In the present issue of Ebiomedicine, Patzak and colleagues examined the role of Cytosolic 5′-nucleotidase 1A (NT5C1A), a recently described gemcitabine-inactivating enzyme that dephosphorylate gemcitabine monophosphate (dFdCMP), in the response of PDAC cells to chemotherapy [6]. The study shows that NT5C1A is strongly expressed in the majority of tumor cells from resected PDAC patients, but not by the surrounding stromal cells. NT5C1A rapidly metabolizes gemcitabine to inactive derivatives in PDAC cells, thus preventing its genotoxic action. Moreover, although NT5C1A expression levels were not shown to predict survival, by using both PDAC cell lines and mouse models, the authors clearly demonstrated that NT5C1A expression is positively associated with gemcitabine resistance. In line with its gemcitabine-specific mechanism of action, NT5C1A expression does not affect the cytotoxicity of other drugs, such as Nab-Paclitaxel [7], which acts through a different molecular pathway and synergizes with gemcitabine [5,7].
The lack of association between NT5C1A expression in resected samples and clinical outcome observed by the authors might be due to the fact that not all patients of their cohort underwent homogeneous post-operative adjuvant treatment with gemcitabine. Furthermore, as no details are provided regarding other variables affecting prognosis of resected patients, such a their TNM stage, resection margins, age and comorbidities [6], the lack of association with overall survival might not be unexpected. Future studies should focus on the association with recurrence-free survival or disease-specific survival in homogeneous cohorts of resected patients who underwent adjuvant treatment with gemcitabine and examine all other clinically relevant covariates. Given the gemcitabine-specific mechanism of action of NT5C1A, such studies may contribute to address patients exhibiting high levels of this enzyme toward other regimens comprising different genotoxic agents, such as FOLFIRINOX or more innovative targeted therapies, thus helping to better “personalize” the therapeutic choice for PDAC patients.
An intriguing aspect of this study is represented by the possible positive effect of the expression of NT5C1A in the stromal compartment, which apparently lead to improved sensitivity toward gemcitabine in the in vitro experiments [6]. While the expression of stromal NT5C1A in the human resected samples did not correlate with overall survival, it will be interesting to evaluate whether there is a ratio between the epithelial and the stromal expression of the enzyme that might be measured and associated with sensitivity to the drug. Another interesting observation made by the authors is the repression of NT5C1A expression in PDAC cell lines, even when they were established ex vivo from NT5C1A-expressing tumors [6]. While this observation can contribute to explain the discrepancy between gemcitabine sensitivity of PDAC cells in vitro and resistance of tumors to the drug in vivo, it may also more generally suggest that PDAC cells rapidly acquire a different transcriptome signature in vitro. This feature would be in line with the documented plasticity of PDAC cells [8], further stressing the need to compare in vitro and in vivo mechanisms when studying PDAC biology and to investigate molecular features of PDAC longitudinally during treatments.

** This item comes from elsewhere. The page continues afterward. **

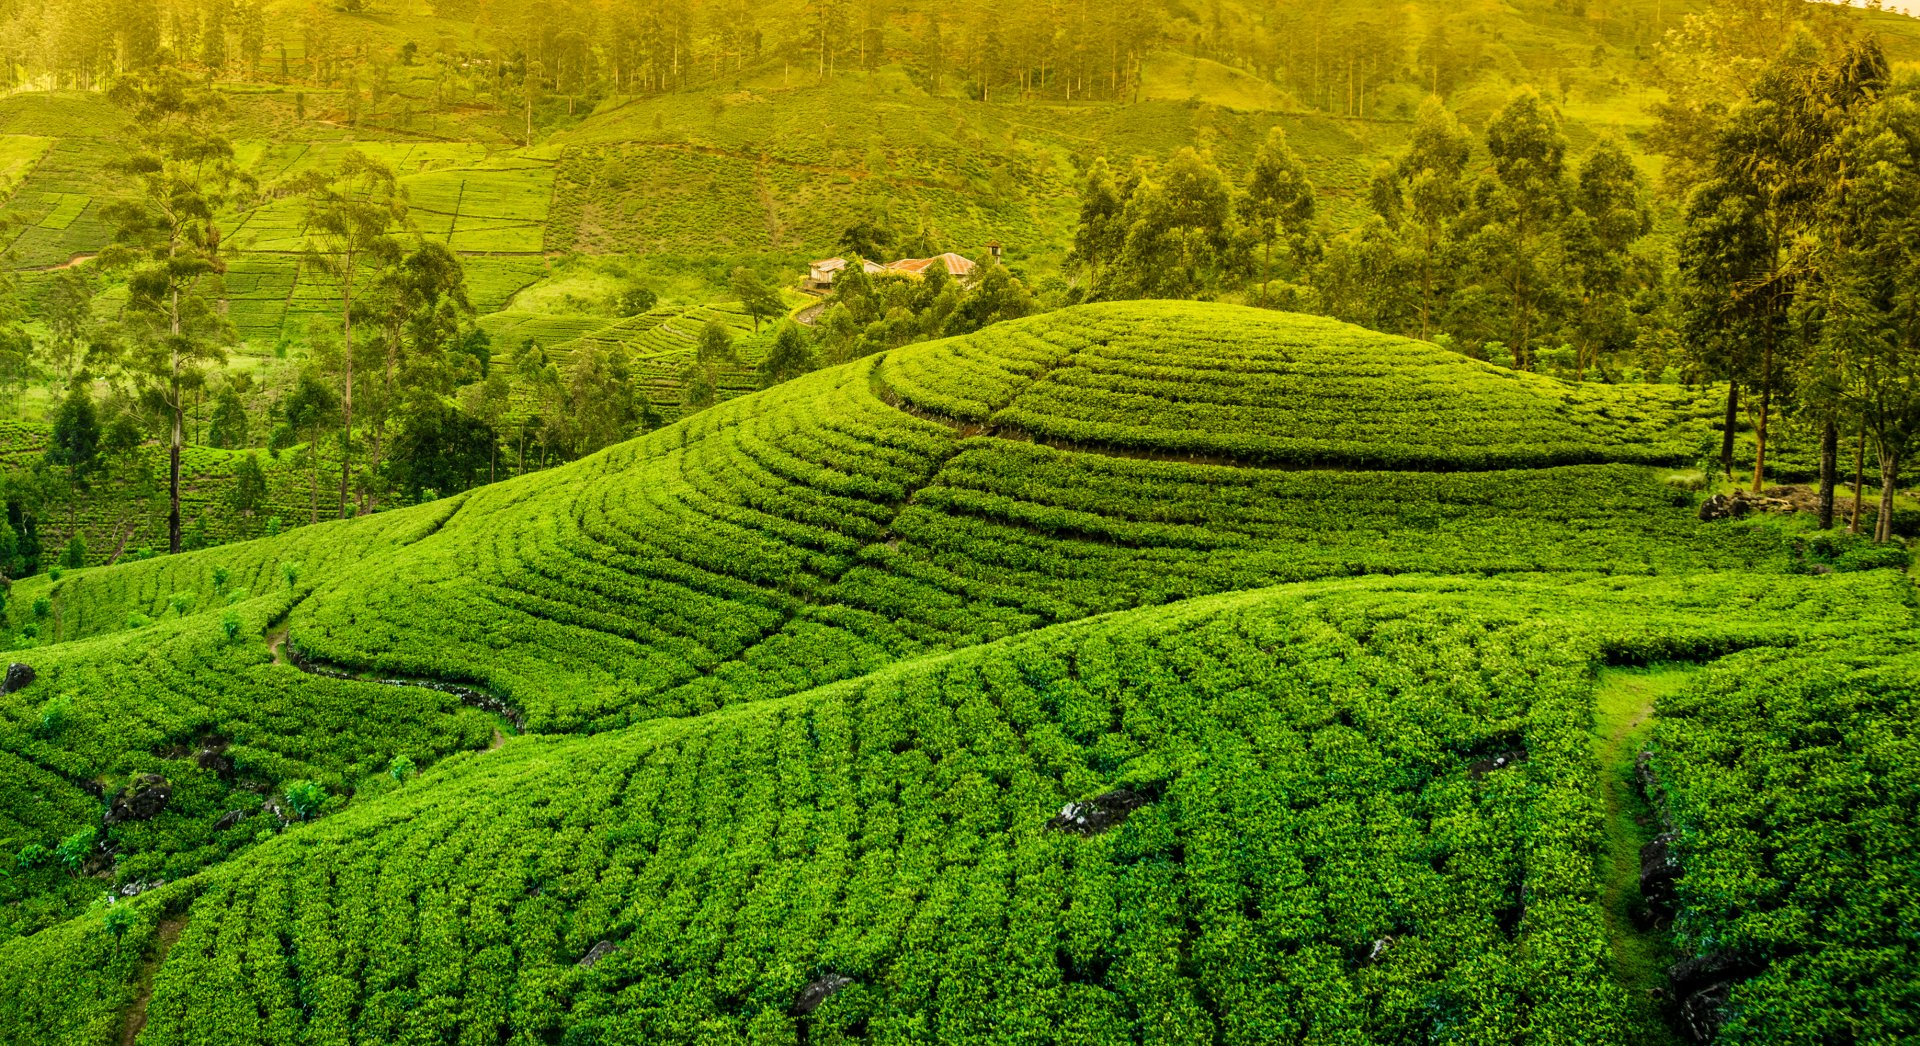 Man Made - Tea Plantation  Green Hill Landscape Wallpaper

In summary, this study sheds light on a novel key player, and on its mechanism of action, involved in the resistance of PDAC cells to gemcitabine, the current standard of care for this disease [4]. Being an enzyme, NT5C1A is conceivably “druggable”. Thus, this study offers a window of opportunity to counteract the deleterious resistance to chemotherapy that makes of PDAC one of the most untreatable human cancers to date.
Conflict of interest
The authors declare no conflict of interest.
Acknowledgements
The authors are supported by grants from the Associazione Italiana Ricerca sul Cancro, Italy (AIRC: IG 18790 to CS and IG 17177 to GC).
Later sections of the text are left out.